Alien Invasions!
The History of Aliens in Pop Culture
by Edited by Michael Stein; foreword by David J. Hogan
Written by a team of internationally renowned experts on the subject, Alien Invasions! Explores how aliens—and the ways we perceive them—have evolved over the years across a wide range of media, from books and magazines to film and television. Within these richly illustrated pages, you’ll meet aliens with eyes on stalks; the tentacled aliens of H. G. Wells’s War of the Worlds; Frank R. Paul’s barrel-chested Martians of the 1930s; the blob-like B-movie creatures of the 1950s; H. R. Giger’s nightmarish creation for Ridley Scott’s Alien; Steven Spielberg’s friendly visitor in E.T.: The Extra-Terrestrial; and many, many more.

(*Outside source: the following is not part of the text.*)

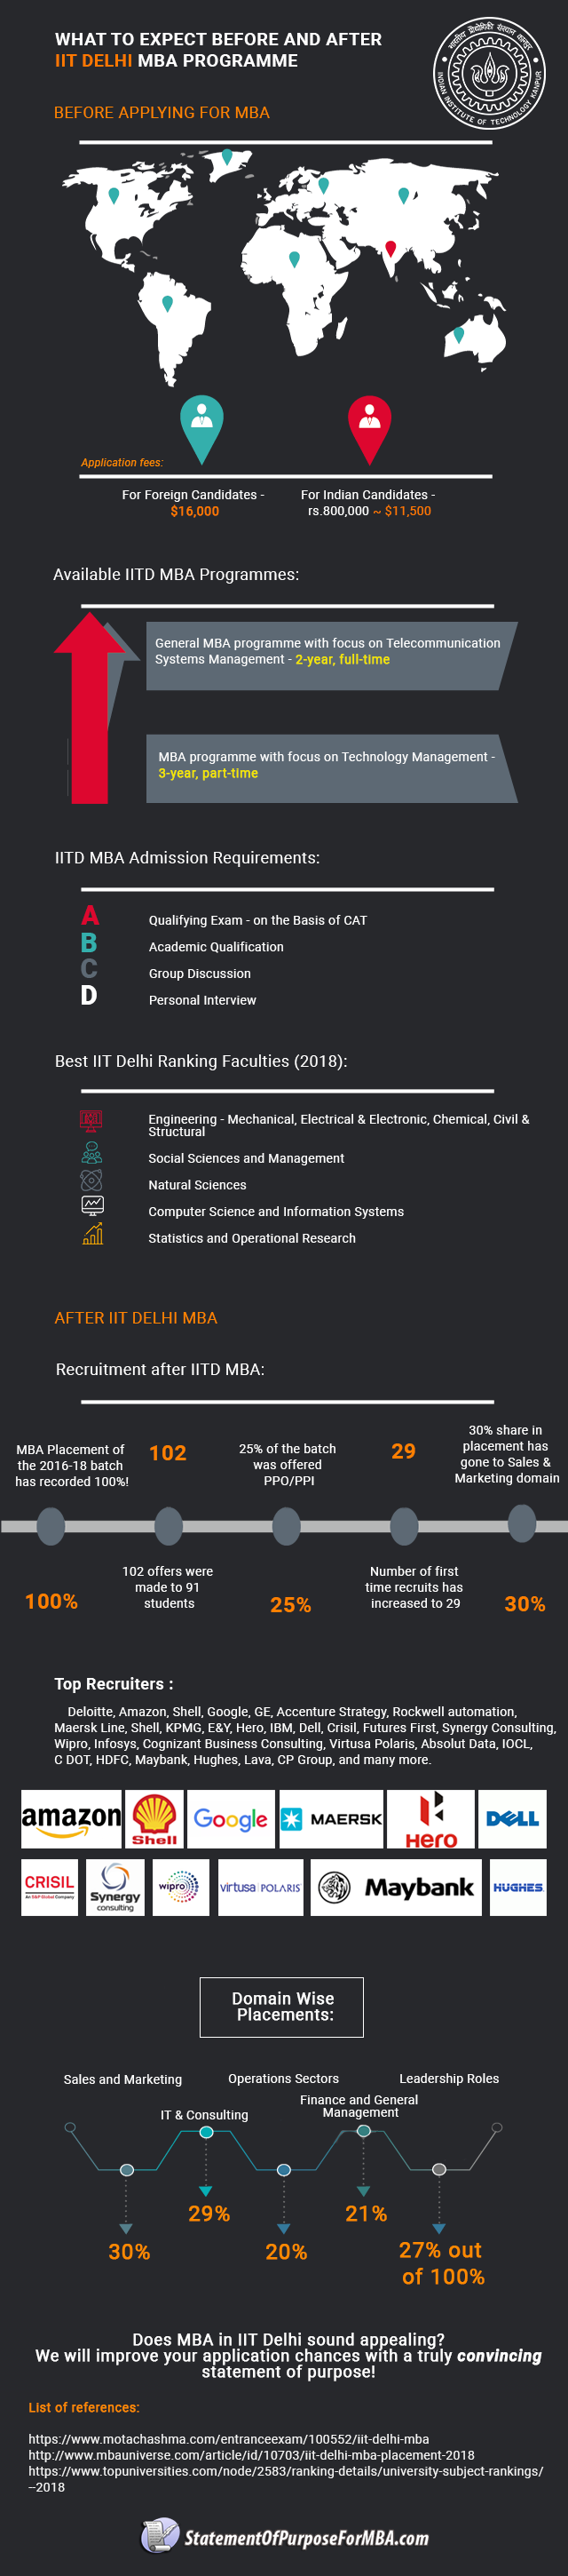 mba placement infographic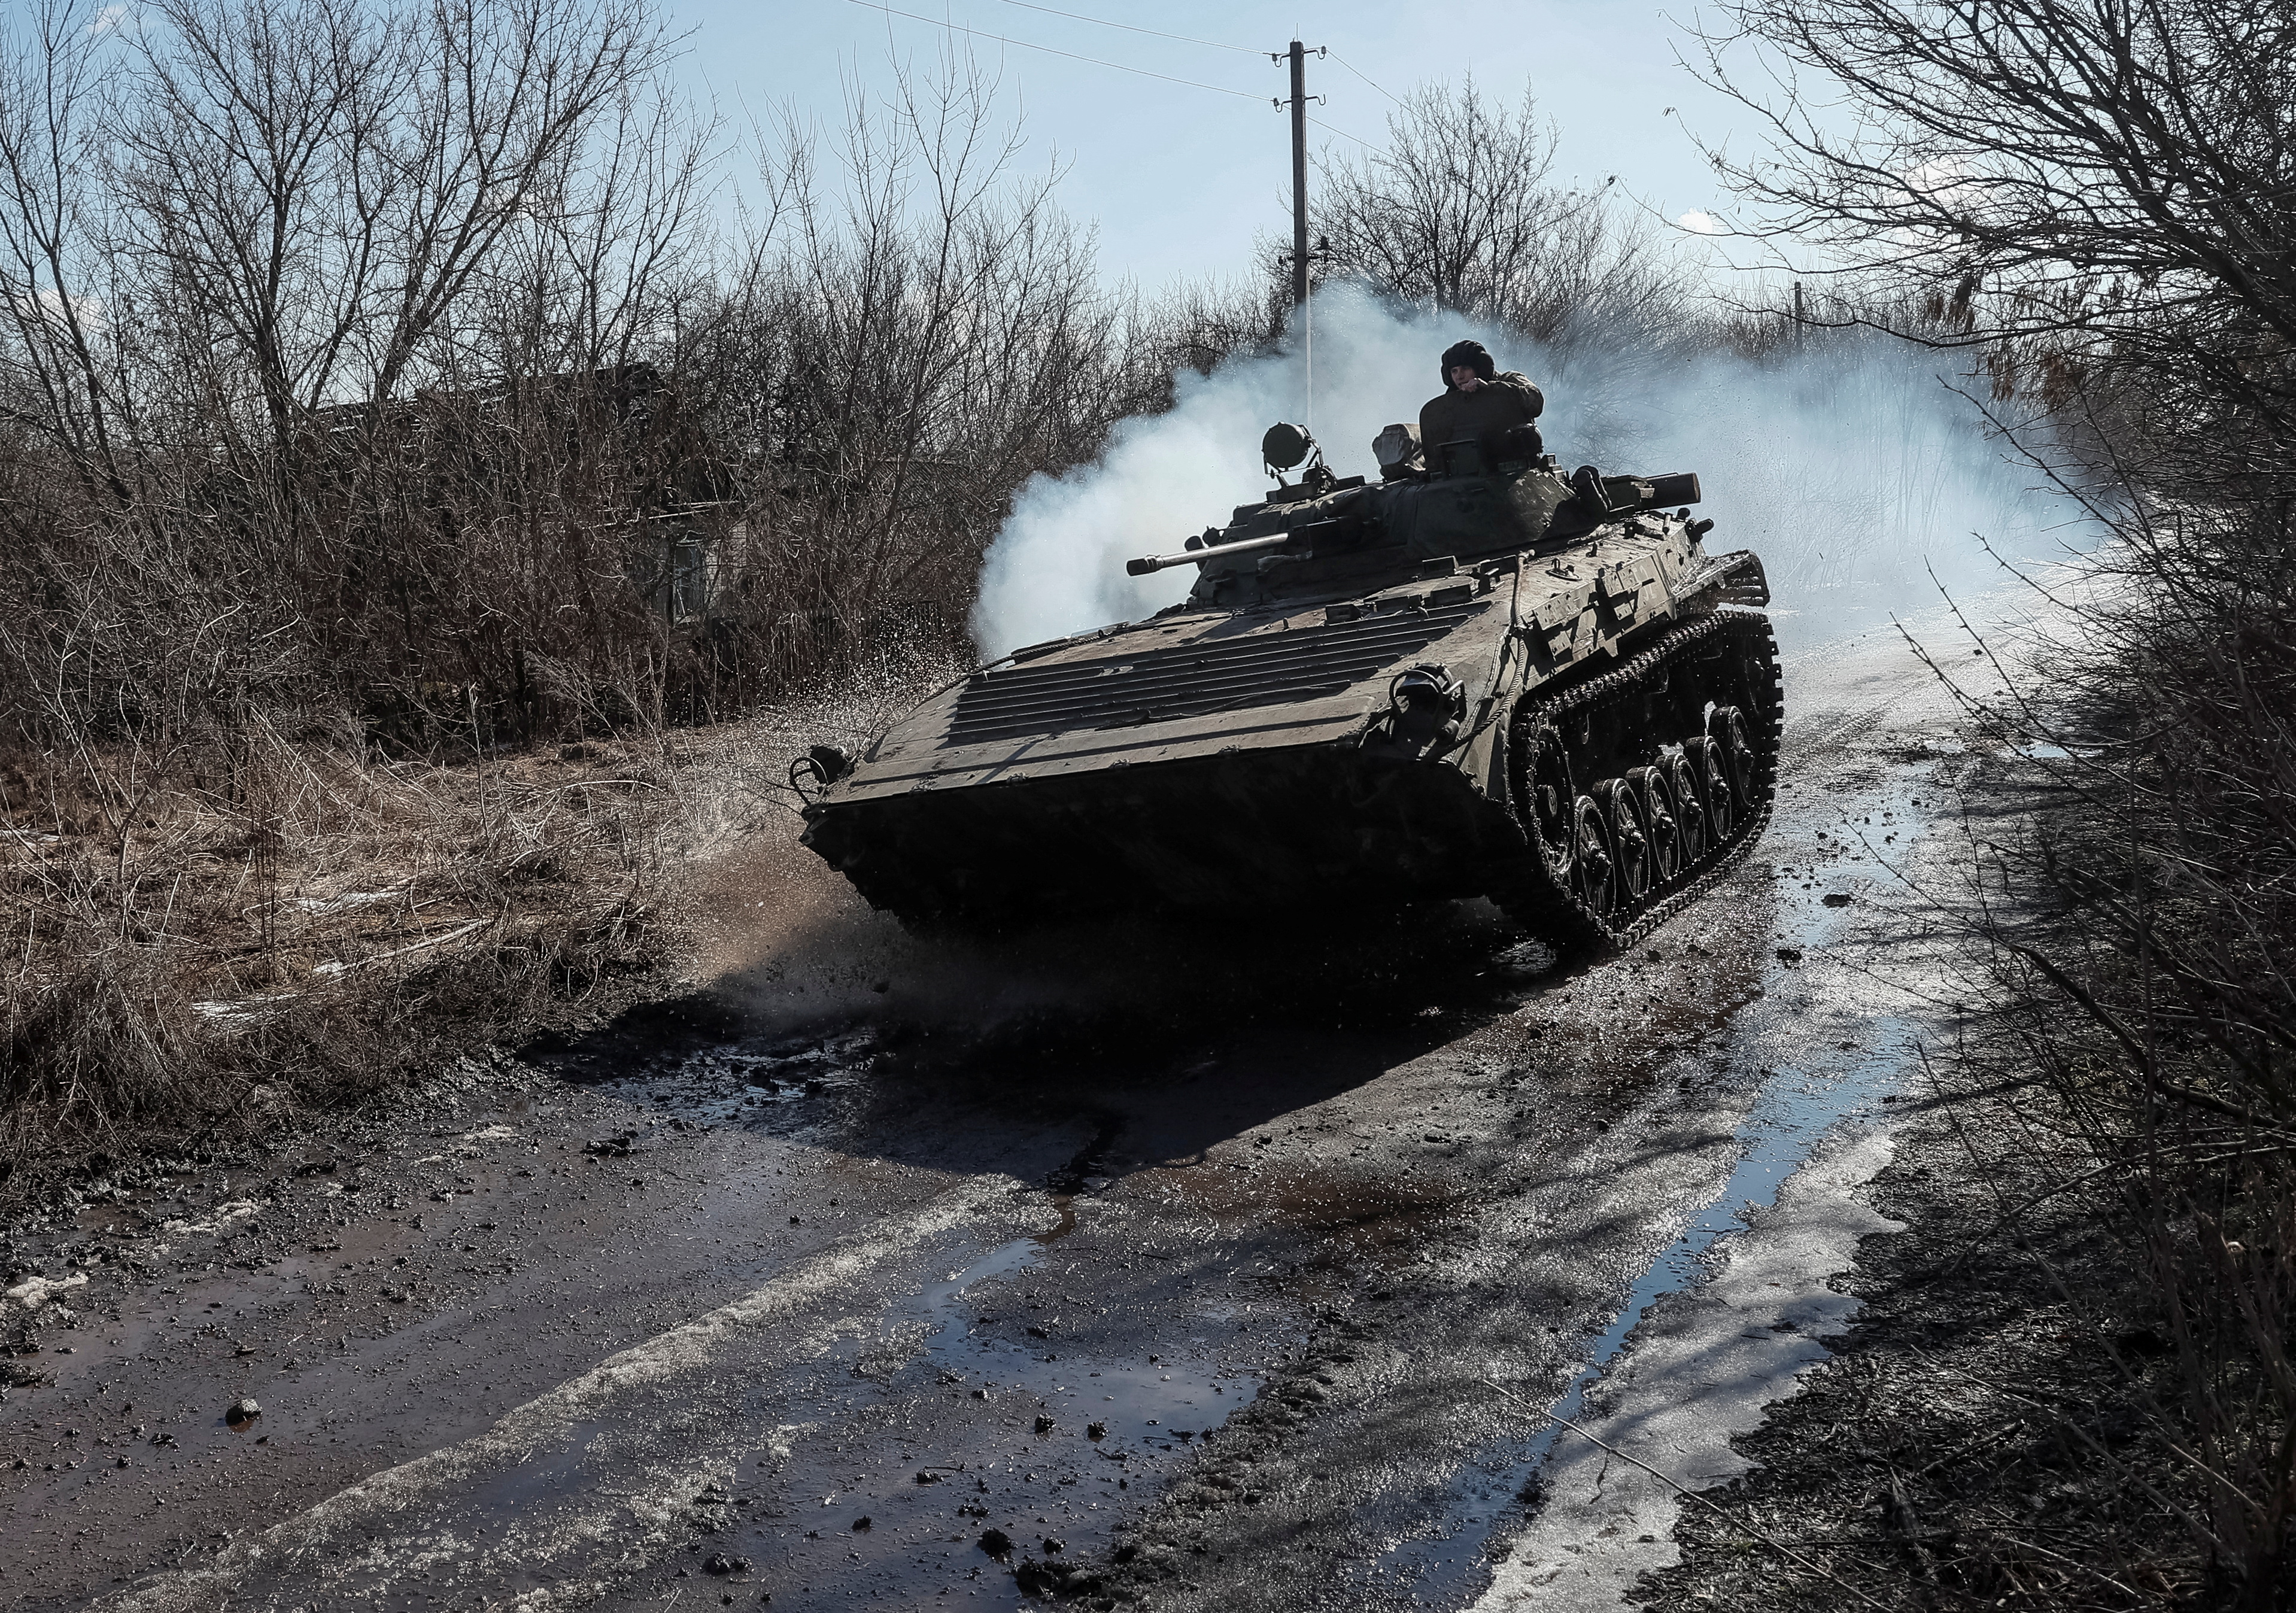 Ukrainian service members ride at a infantry fighting vehicle on the front line near the village of Zaitseve in the Donetsk region

Each of the book’s chapters tackles its subject from a different vantage point, beginning with the earliest fictional examples by Wells and others, before looking at the pulp-magazine explosion of the 1920s and 1930s; the UFO phenomenon of the 1950s, in print and on screen; comic-book aliens, from Buck Rogers to the present day; the B-movie boom of the 1950s, heralded by The Thing and The Day the Earth Stood Still; invaders from within, in the form of Body-Snatchers and Triffids; aliens’ interactions with Earth women; small-screen aliens, from Star Trek to Falling Skies; and blockbuster invasions, from Close Encounters to Arrival. Along the way, you’ll encounter ray guns, seedpods, mind control, and body transference, not to mention a whole galaxy of friendly visitors and fearsome invaders. Never before have so many aliens assembled in one place!